Material provided:
--- START ---

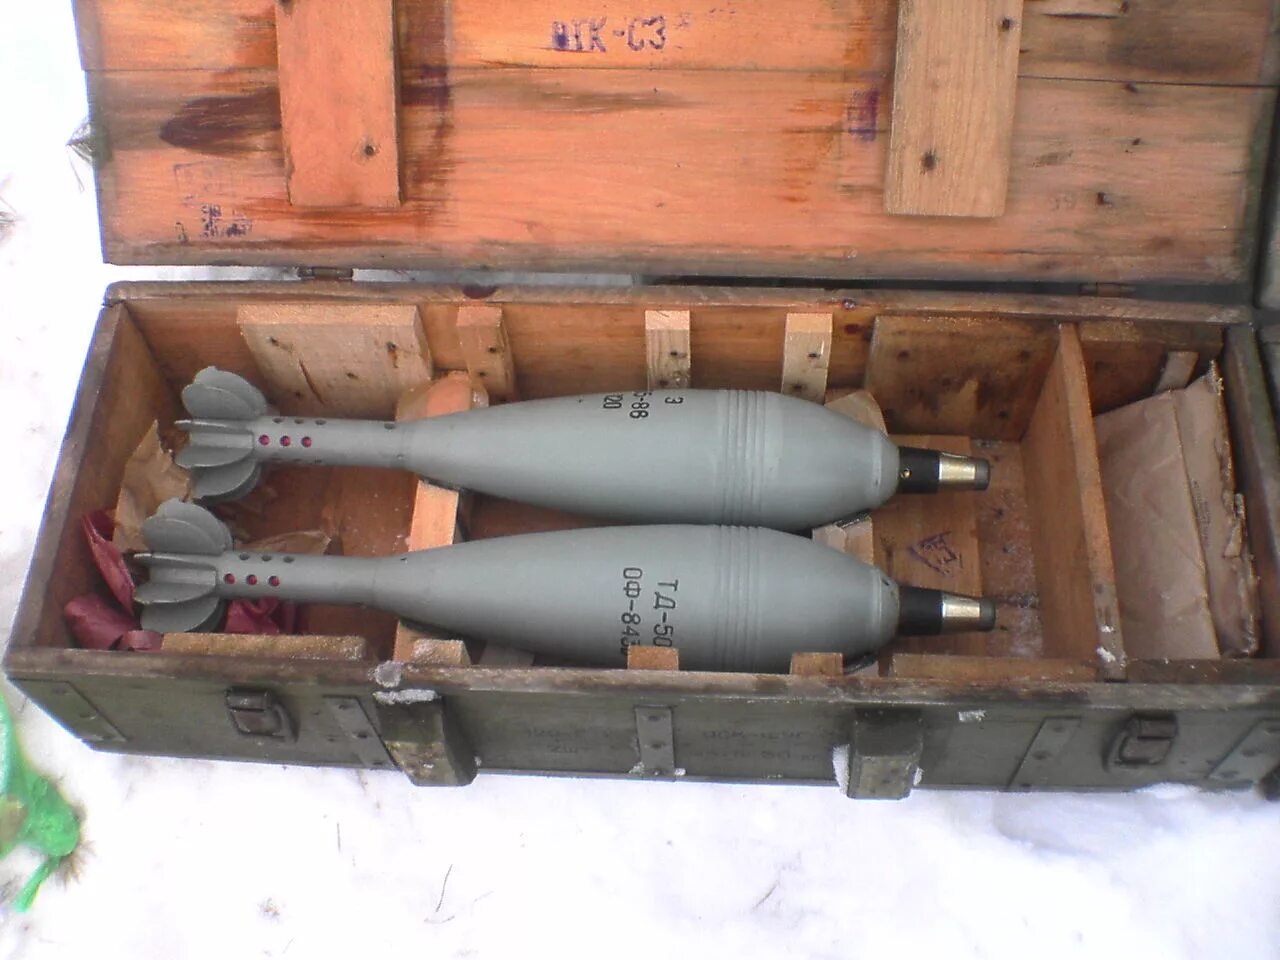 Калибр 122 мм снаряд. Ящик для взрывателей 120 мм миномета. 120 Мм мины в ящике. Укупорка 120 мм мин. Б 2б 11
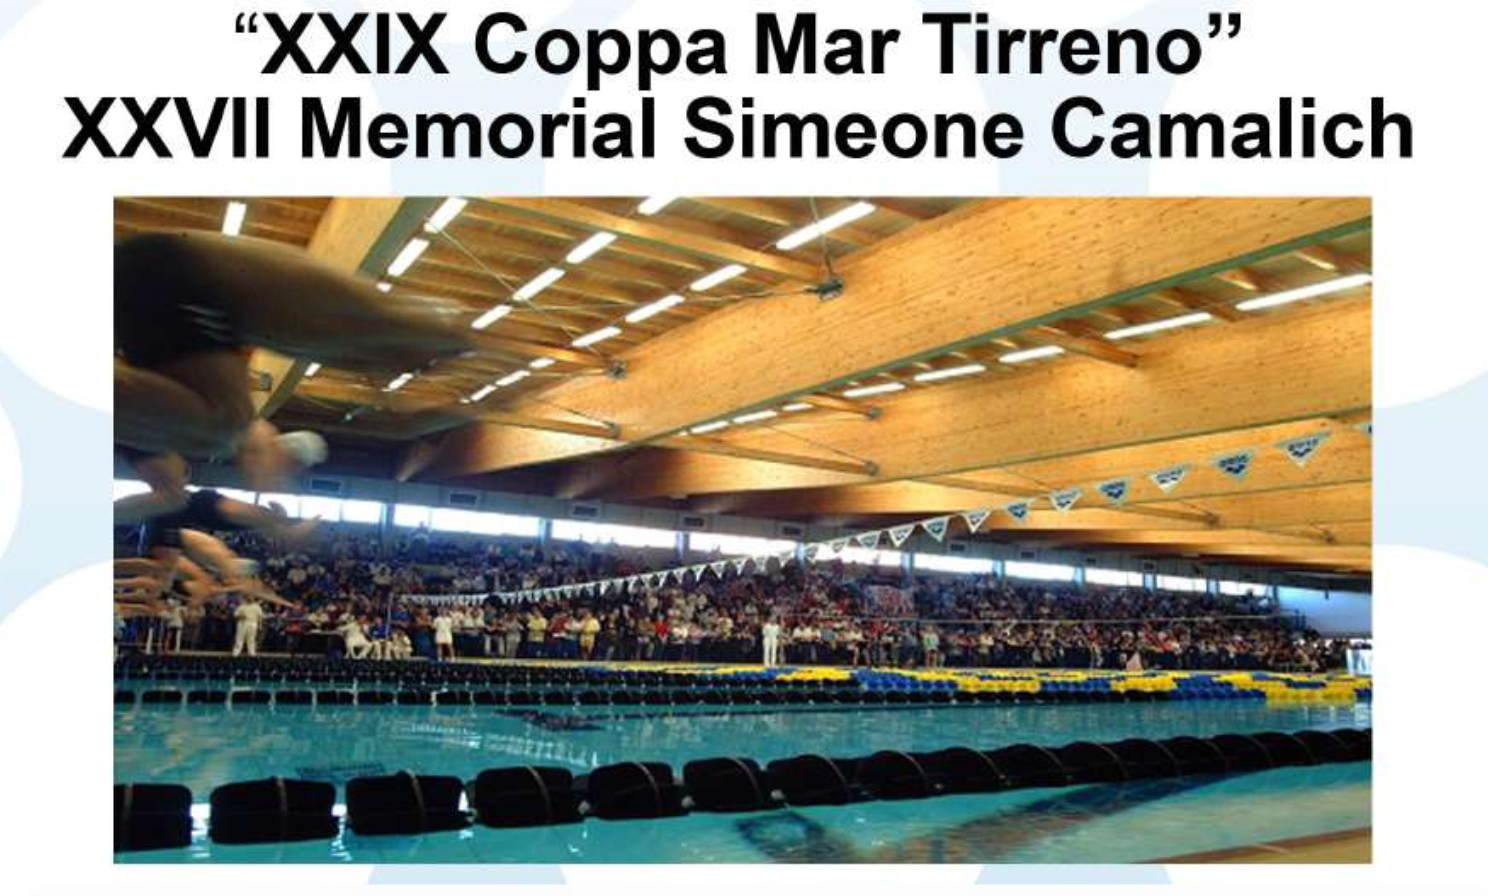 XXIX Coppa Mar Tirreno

--- END ---
--- START ---

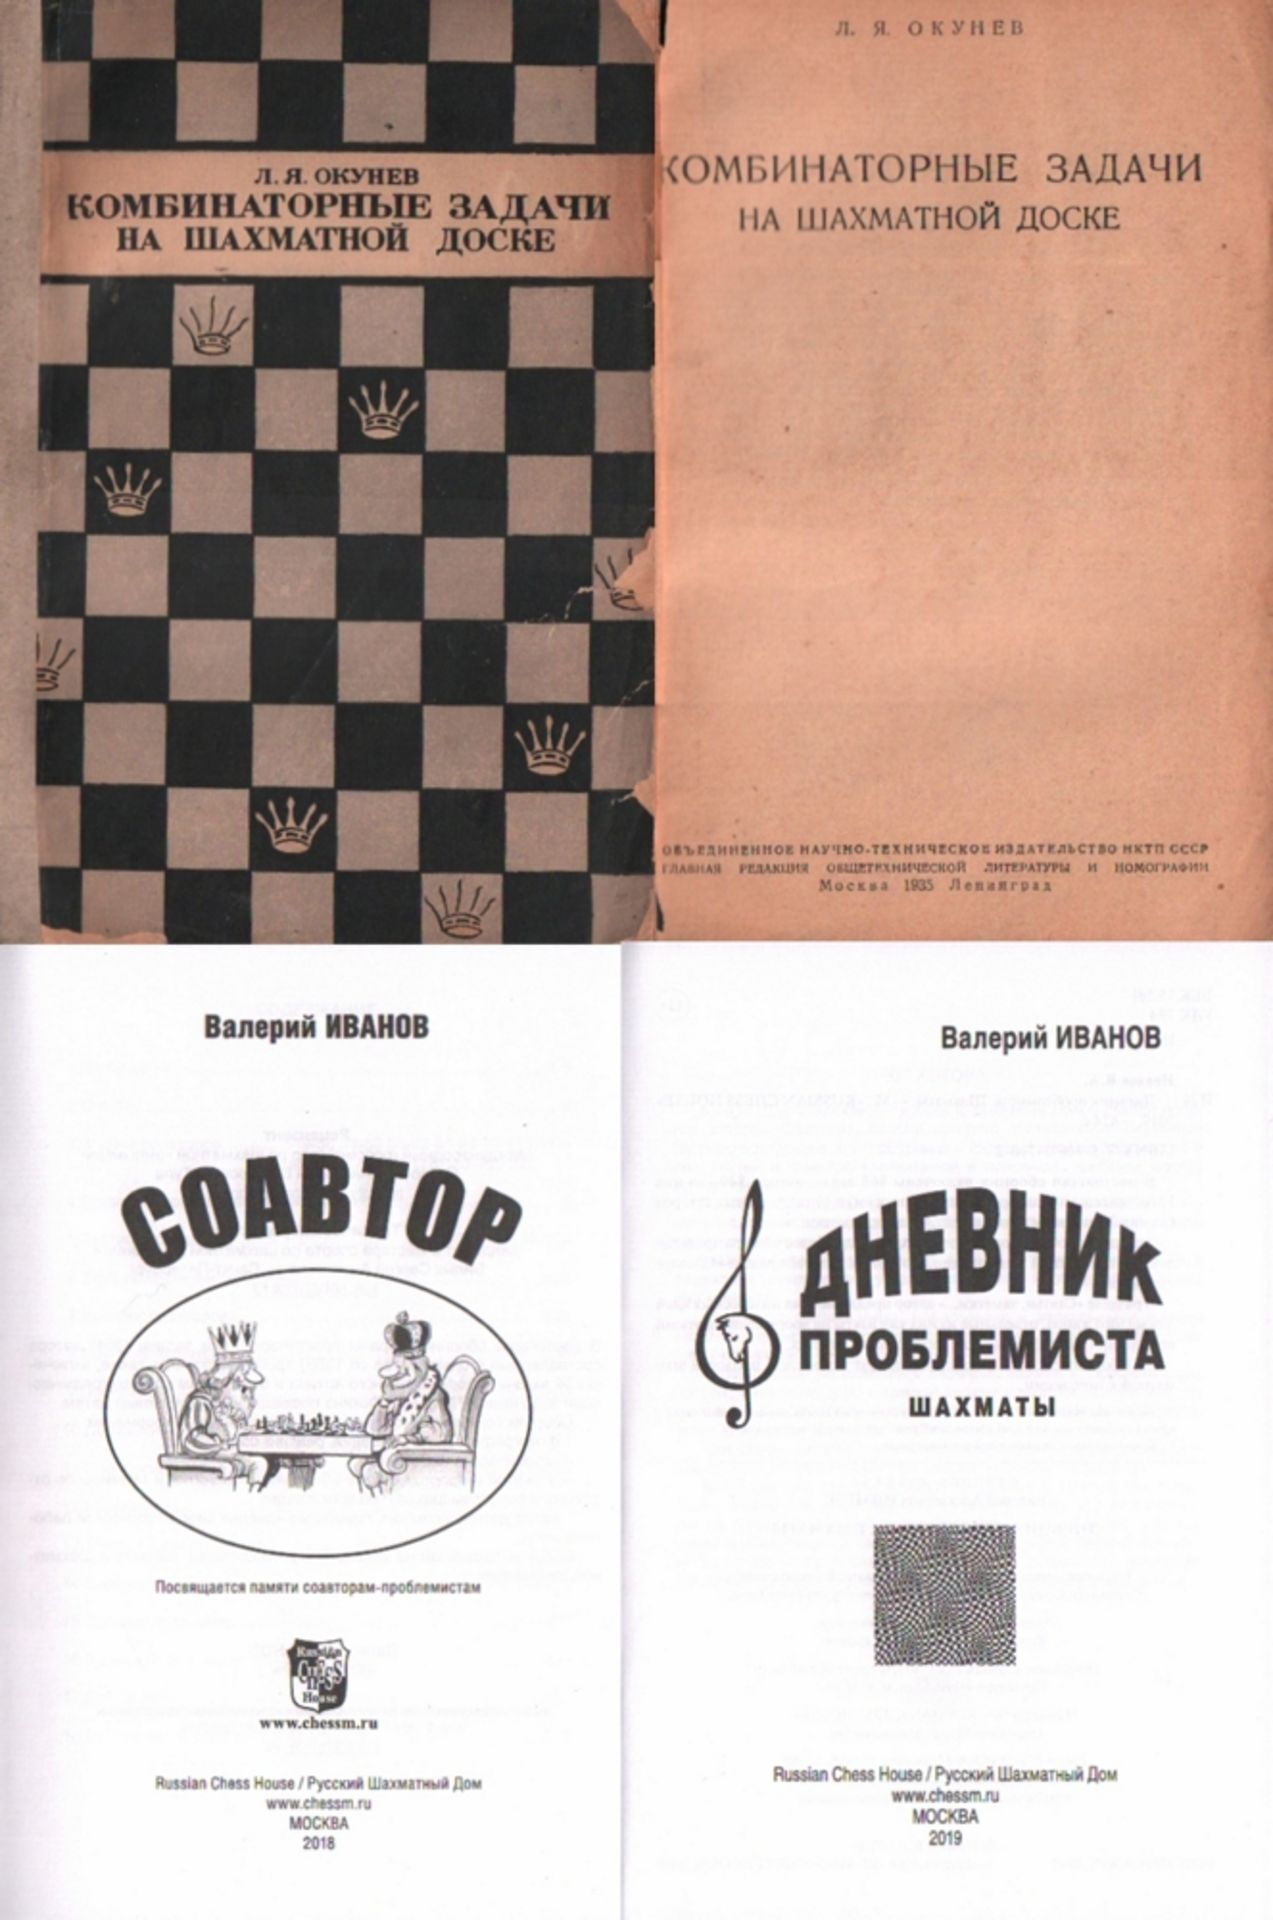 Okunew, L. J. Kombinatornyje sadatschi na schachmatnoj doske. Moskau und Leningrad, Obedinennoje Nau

--- END ---

Work task: Above are some records. Output exactly the lines from the one that contains "Калибр 122 мм" to the one that contains "XXIX Coppa Mar Tirreno", keeping both, and omit the pictures.

Response box:
 Калибр 122 мм снаряд. Ящик для взрывателей 120 мм миномета. 120 Мм мины в ящике. Укупорка 120 мм мин. Б 2б 11
 XXIX Coppa Mar Tirreno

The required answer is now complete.